Tuesday, 15 January 2013

Counting The Votes And The Costs






When Cameron and the Coalition decided to fix Parliamentary terms at five years, did they have any regard at all for the longer sweep of history in the UK?  Since the beginning of the 18th Century through to the present there have been many times in the past when politics went into spasm and governments into paralysis.

The way out of this was to call a general election.  This was not always successful if the political breakdown was deep seated and persistent.  But there were times when the politicians, faced with a possible election, came to some sort of agreement or compromise.

In the deeper past coalitions, sometimes of unlikely partners, might occur and there were often movements of interest and support to contend with.  The 1920’s and 1930’s was a time of shifting ground and uncertainty.  This had the effect then of giving authority to the relatively recent professional civil service and Bank of England. 

After 1945 this changed and until 2010 there was no formal coalition of parties.  There was a period between 1974 and 1979 when not only did the Labour government go full term, but it relied on Liberal votes to keep it going before going down to defeat.  The problems in the Liberal Party in that period did not allow them to claim much power.

The conventional thought was that a system that delivered majority governments was necessarily good because it meant more stability and enabled politicians to exert some sort of democratic control. 

This was not necessarily the case in that both the majority parties had elements within them that occasioned strife and uncertainty.  Also, in the 1950 to 2010 period a surprising number of governments did not go full term between elections for a variety of reasons. 

One was that to go full term allowed too much scope for rebels or awkward squads in the parties.  Another was that it left too much to chance and untoward events.  Also, governments might begin to run out of steam.  Whatever the particular reasons it was reckoned that to decide the election date gave advantage to the ruling party.

What has been forgotten is that coalitions and fixed terms of office do not go together.  The ability to go to the electorate at any time has always been a useful corrective and safeguard for a government faced with a chaotic or impossible situation. 

In the USA and other places the endless squabbling, brinkmanship and wheeler dealing arising from the electoral systems may be a useful exercise in democracy at some times, but in crises or periods of real difficulty can be a handicap and an invitation to flawed decisions.  At least the USA system with rolling elections offers more opportunities for choice.

At present we are told that we have a Coalition government now beginning to disagree and dispute about more issues than it is in agreement with.  There is a Liberal Democrat Party that is neither Liberal nor democratic, actively blocking changes needed to readjust the electoral system to be more representative.

We are told by a former insider that the Government only deals with thirty per cent of its business the rest being left to rubber stamping European legislation etc. and to “updating” by a civil service that is not professional but interlocked with the lobby groups and other outside spheres of management.

There are all the signs that the Cameron government could soon go into a phase of stasis with no way out.  That the campaign for the next election has begun is not in doubt.  Only instead of perhaps the electorate making its choices within months we are stuck to 2015.  Worse, if that election does not resolve issues we are then still stuck until 2020.

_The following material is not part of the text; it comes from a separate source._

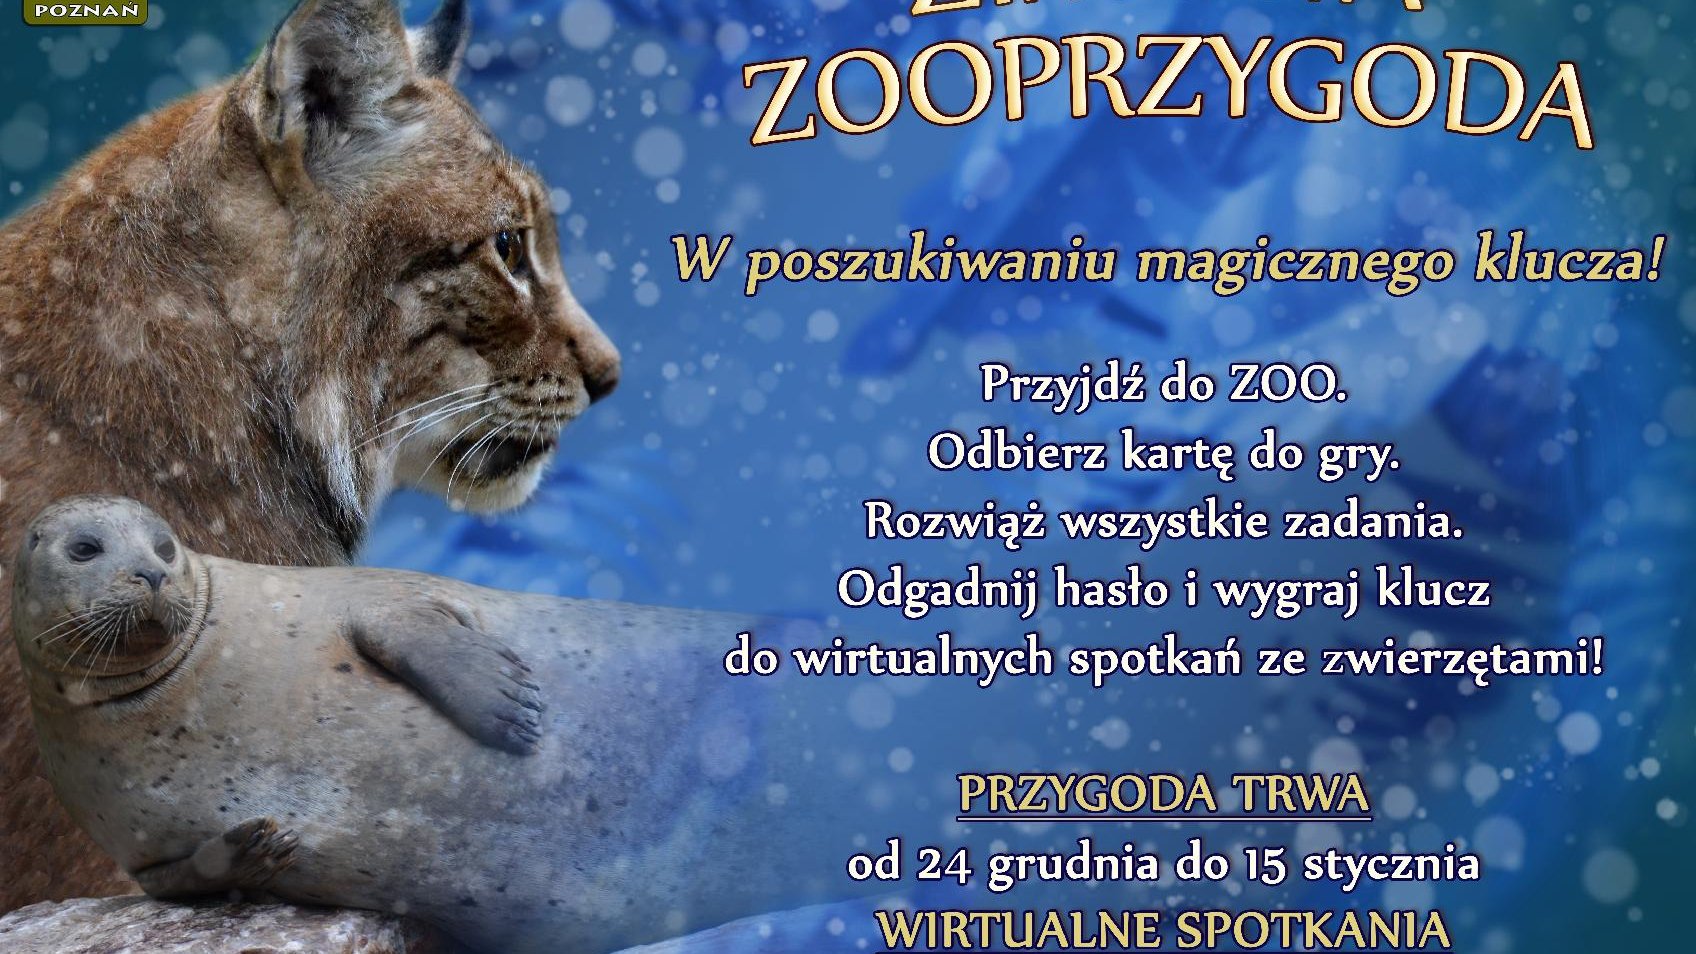 Plakat zapowiadający zabawę, przygotowaną przez zoo. Oprócz informacji tekstowej znajduje się na nim zdjęcie rysia i foki.

So with a government that controls only thirty per cent of its current business and unable to make effective decisions in that sphere, it is an open invitation for all the either irresponsible or worse dogmatic destructive elements to make mischief.  Given the vulnerability of the UK at present this is very dangerous.

Another worry is that apparently the Labour Party is targeting one hundred seats in the House of Commons for priority attention.  A report suggests that the Conservative Party has a list of forty key seats.  So what about the other five hundred plus and their interests?

For either party to assume that in these the existing incumbents or their ordinary replacements are safe may not be wise in the event of further falls in the number of voters with perhaps a drift to activist extremes. 

Even so, the implication is that neither of the two major parties will attend to the actual full basis of their traditional support or their wishes.  This could mean that the next election will be fought to buy the votes of select minority interests who could swing the key seats.

Given the likely economic and political problems developing in the next couple of years we may then have both before and after the next elections governments that are in no way democratic, that do not really govern, simply applying political cosmetics to the flow of events, are locked into systems beyond their control and rely on a management cult civil service and agencies that simply go their own way.

And it all depends on being able to recycle the growing debt.  Tony Blair, it is said, has opened a market trading desk in his Mayfair offices.  Does he, I wonder, see the UK as a major sell option to boost his fortunes?